Dataset content:

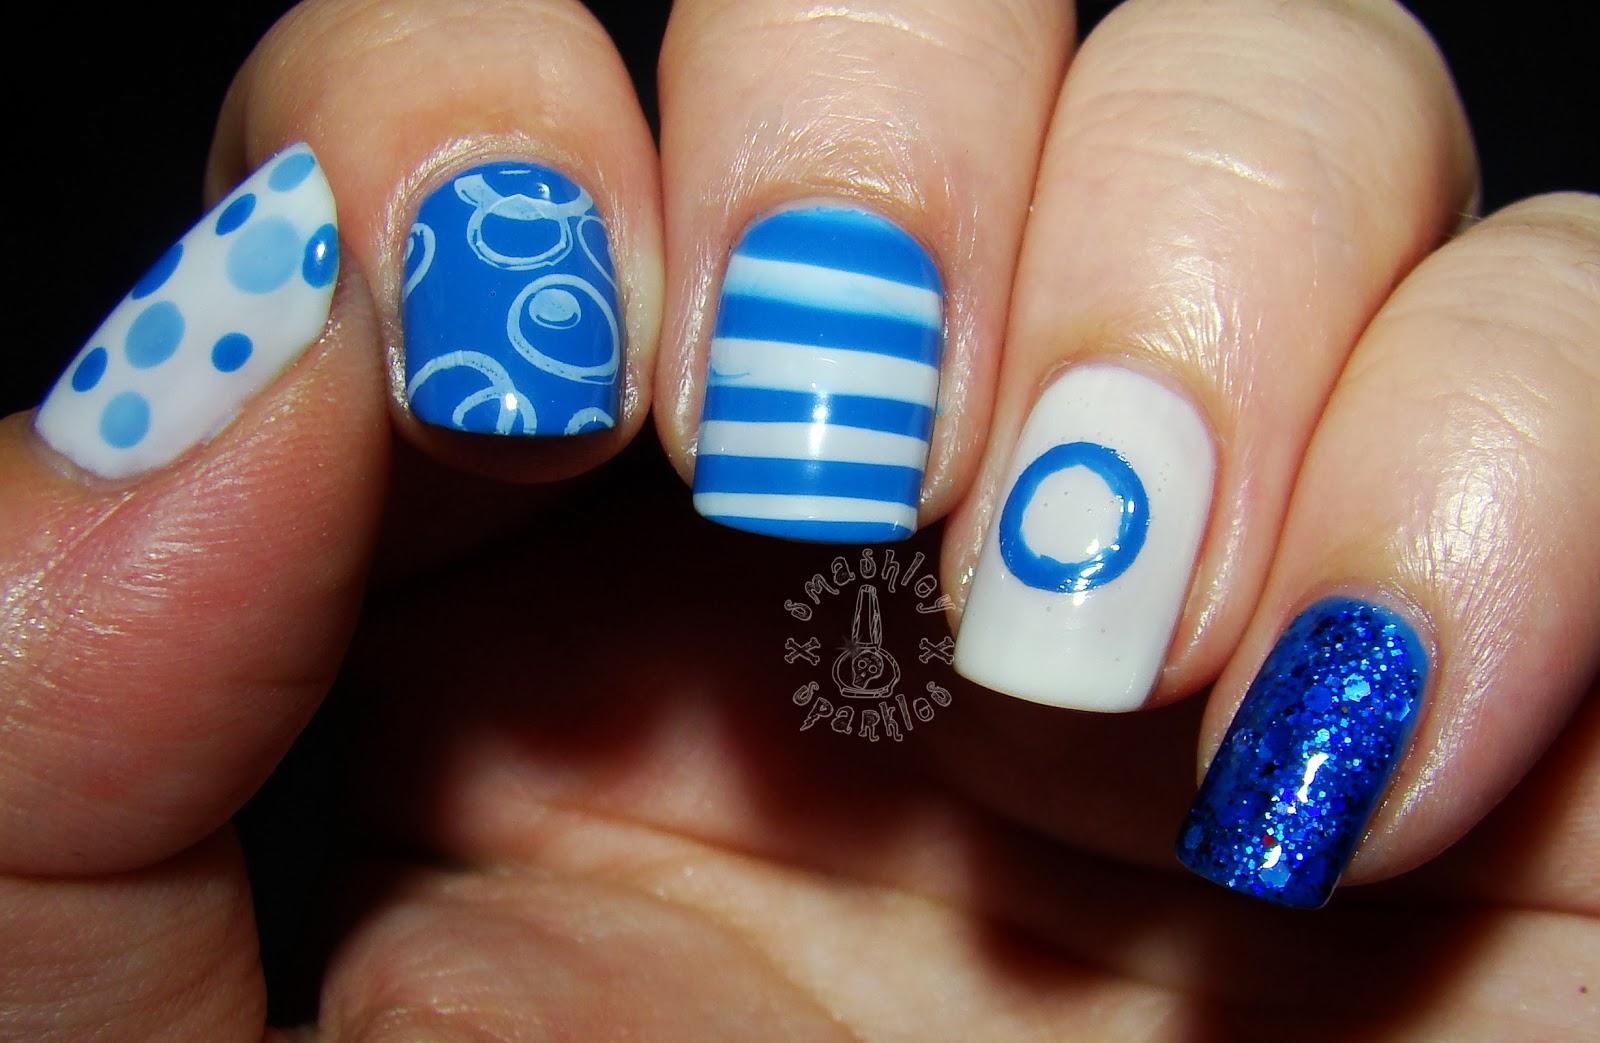 Fine Diabetes And Nails Frieze - Nail Art Ideas - morihati.com
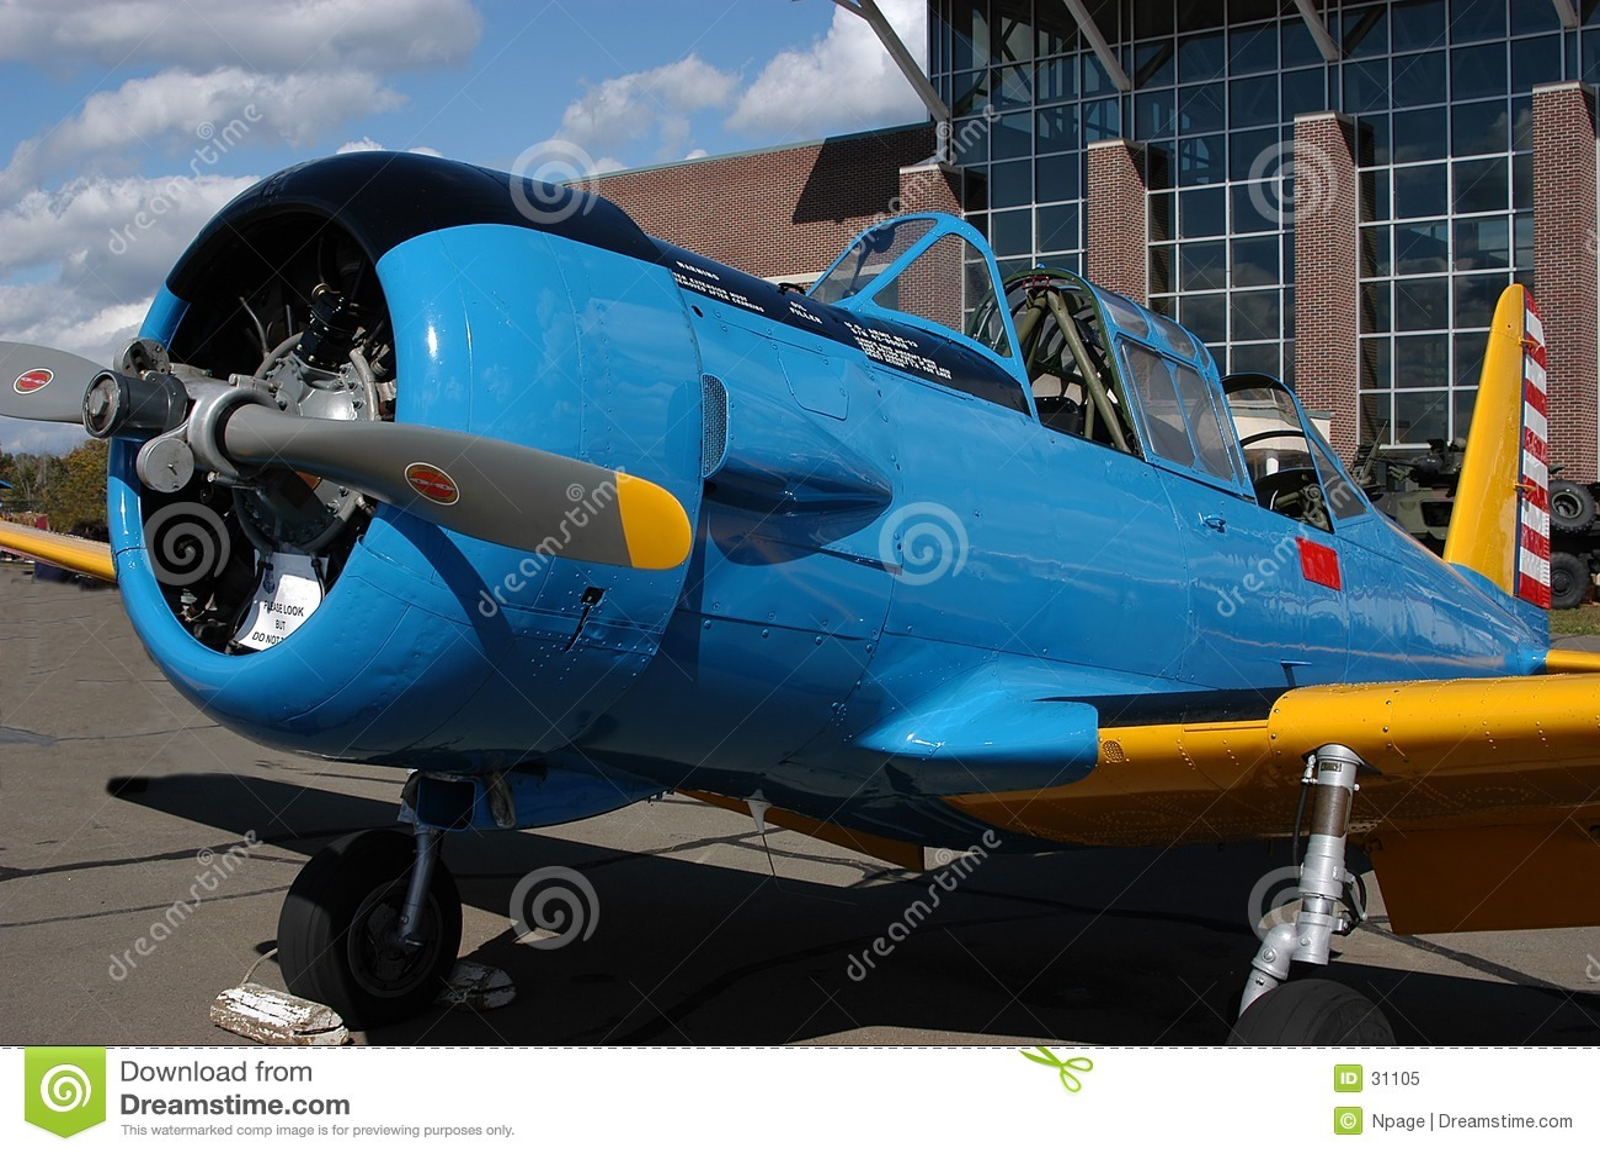 Antique Airplane II
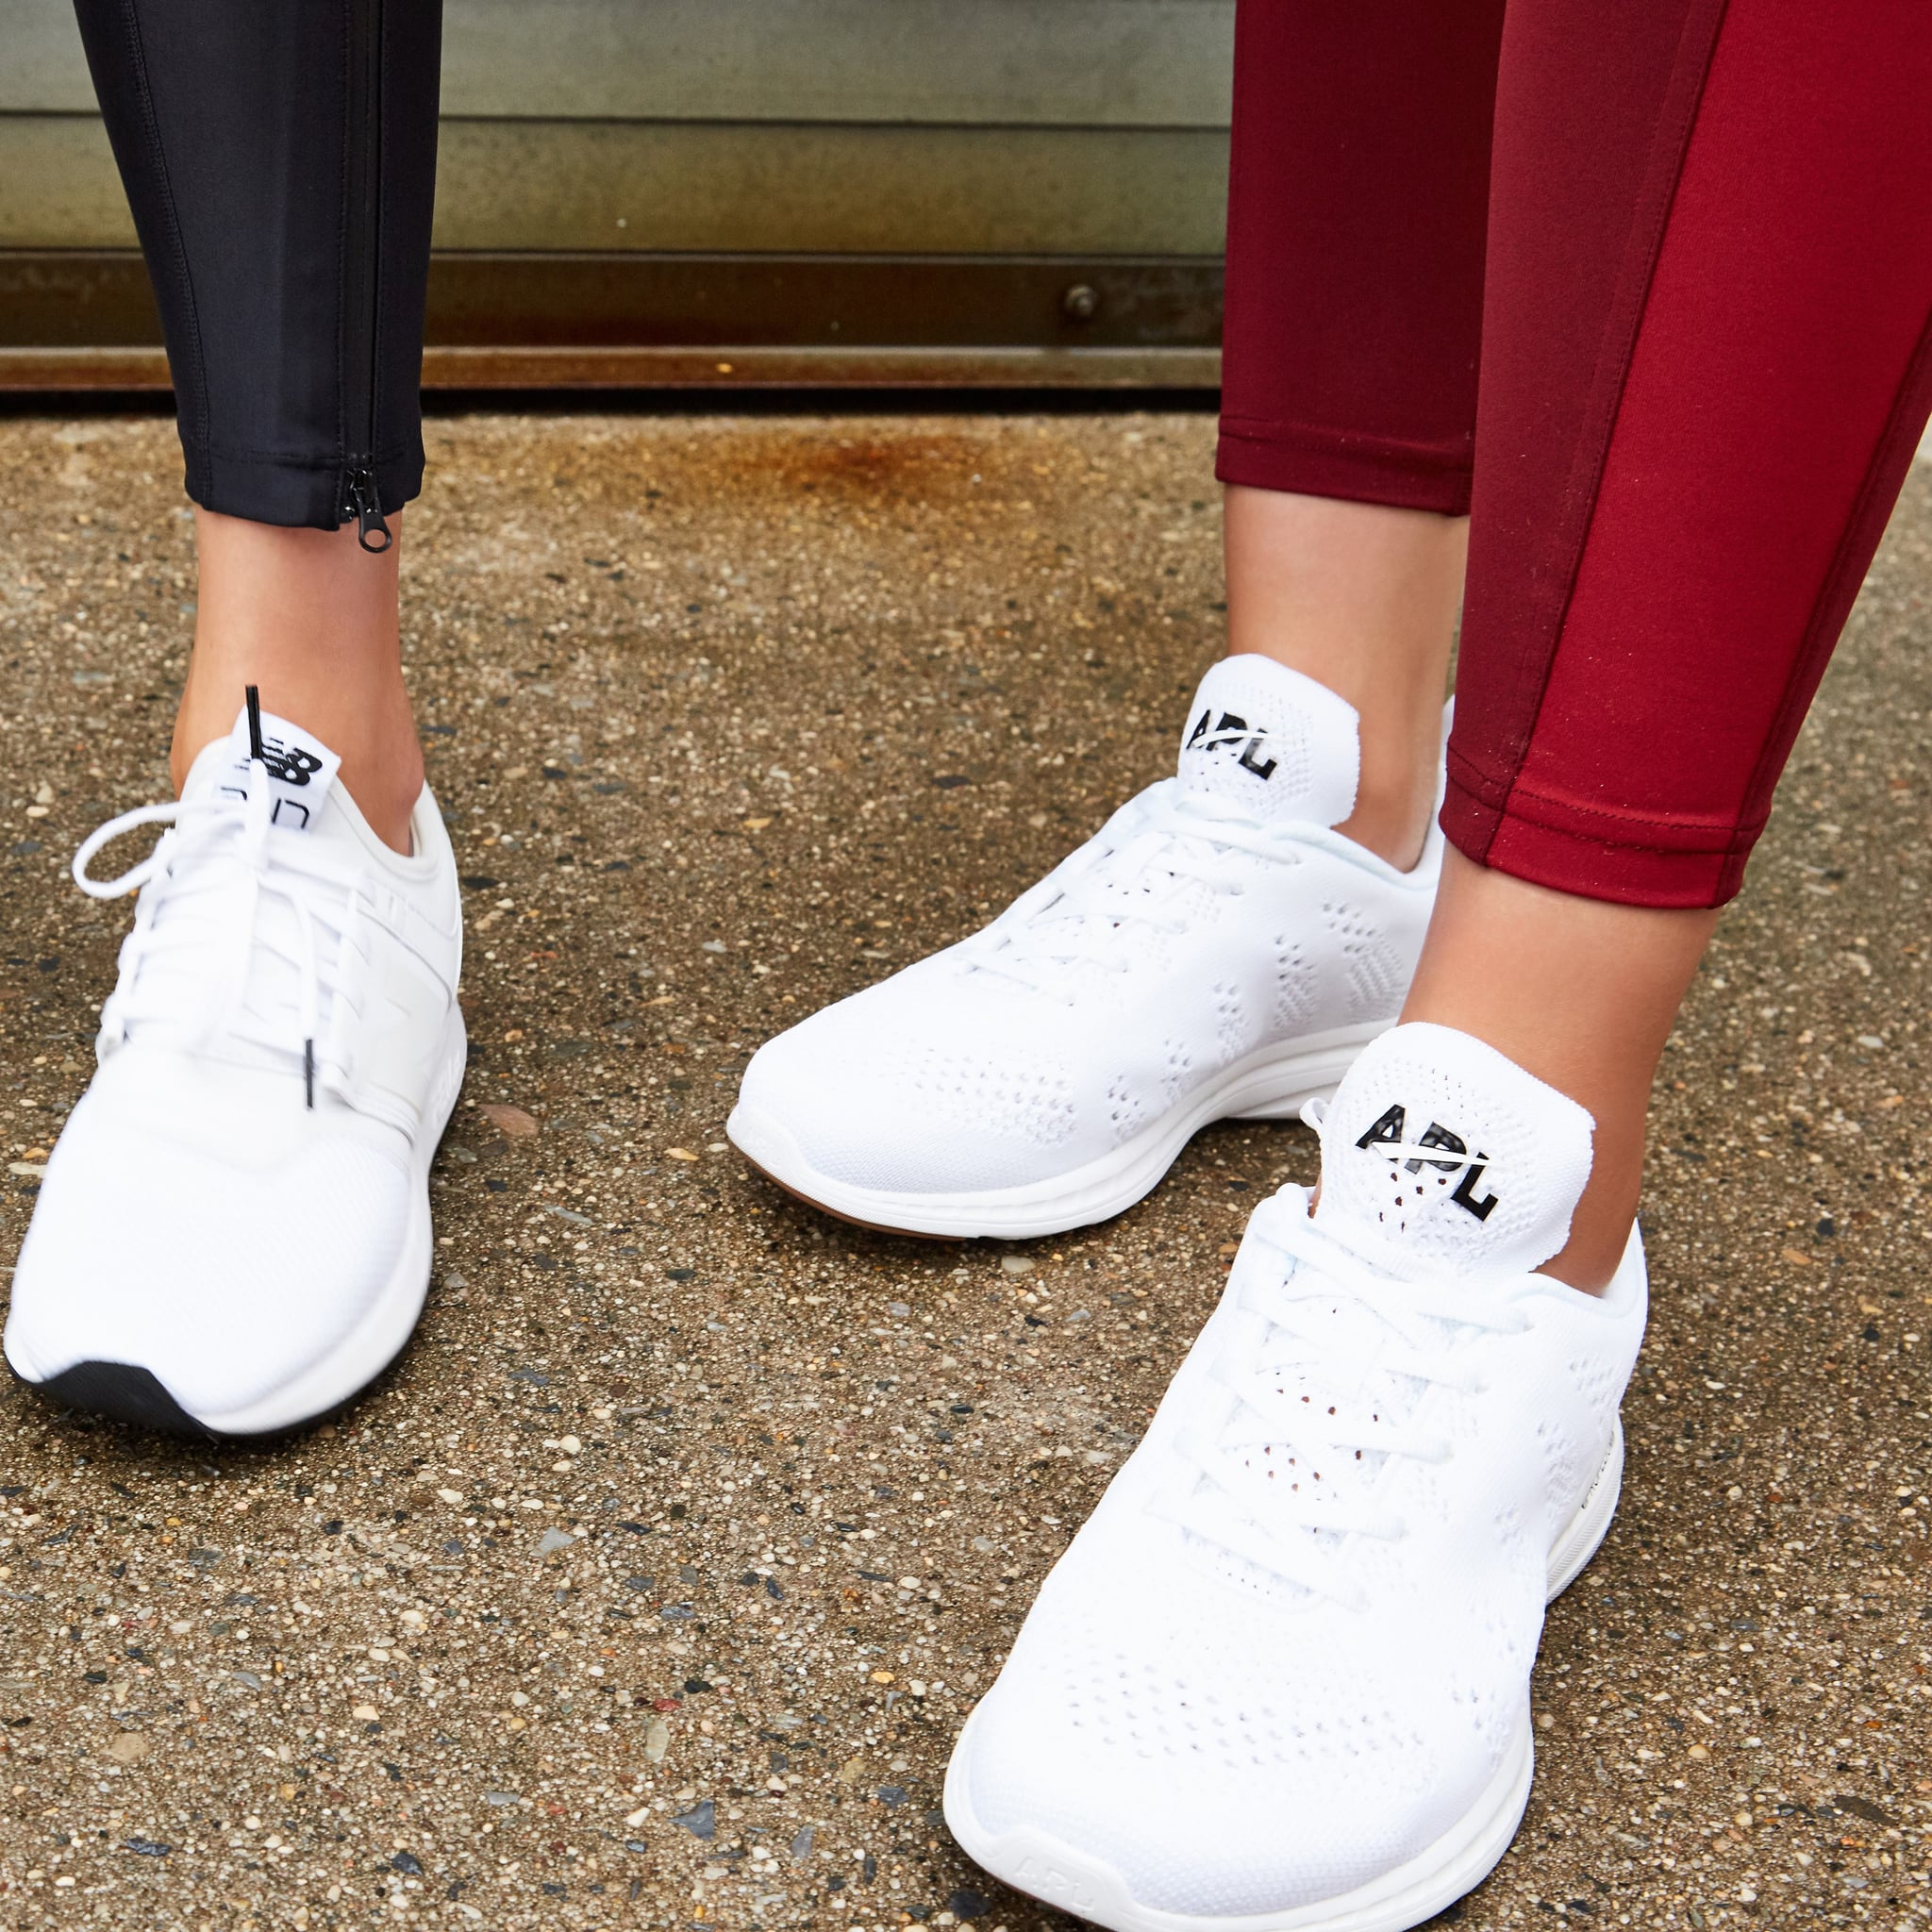 best asics women's running shoes 2019 navy

Exercise details: Here the requirement is to restate exactly the line holding "Antique Airplane II" and every later line through the end of the material, omitting pictures.

Output of the task:
 Antique Airplane II
 best asics women's running shoes 2019 navy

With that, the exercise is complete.